Patterns, Distribution, and Troubleshooting Your Claude Skills
- Stephen Jones
- Ai
- March 25, 2026
Table of Contents
This is Part 3 of a three-part series on building skills for Claude. Part 1 covered what skills are and why they matter. Part 2 walked through building and testing your first skill. Now we get into the stuff that separates a toy skill from a production one: proven patterns, distribution mechanics, and how to fix things when they break.
Five Proven Skill Patterns
After building and reviewing dozens of skills, I keep seeing the same handful of patterns emerge. Here are five that work well across different domains.

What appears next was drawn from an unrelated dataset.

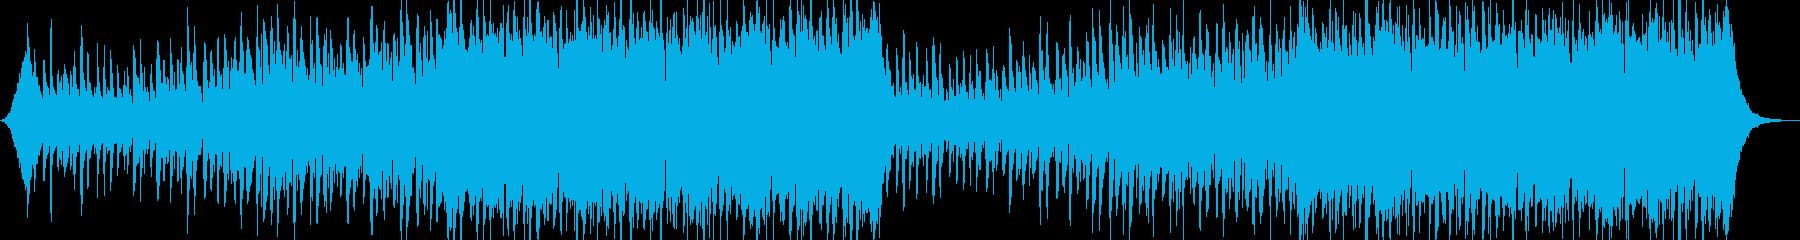 企業VPや映像33、壮大、オーケストラaの再生済みの波形

Pattern 1: Sequential Workflow Orchestration
Use this when you have a multi-step process that must happen in order. Think onboarding flows, deployment pipelines, or any checklist-driven workflow.
## Steps
1. Use Salesforce:get_customer to pull customer record
2. Use Google-Workspace:create_folder to set up shared drive
3. Use Slack:send_message to notify the account team
4. Use Jira:create_epic to create onboarding epic with subtasks
## Validation
After each step, verify the action completed successfully
before proceeding. If any step fails, stop and report which
step failed and why.
The validation block is what makes this pattern robust. Without it, Claude will happily barrel through all four steps even if step one returned an error. Telling it to stop and report on failure gives you a circuit breaker.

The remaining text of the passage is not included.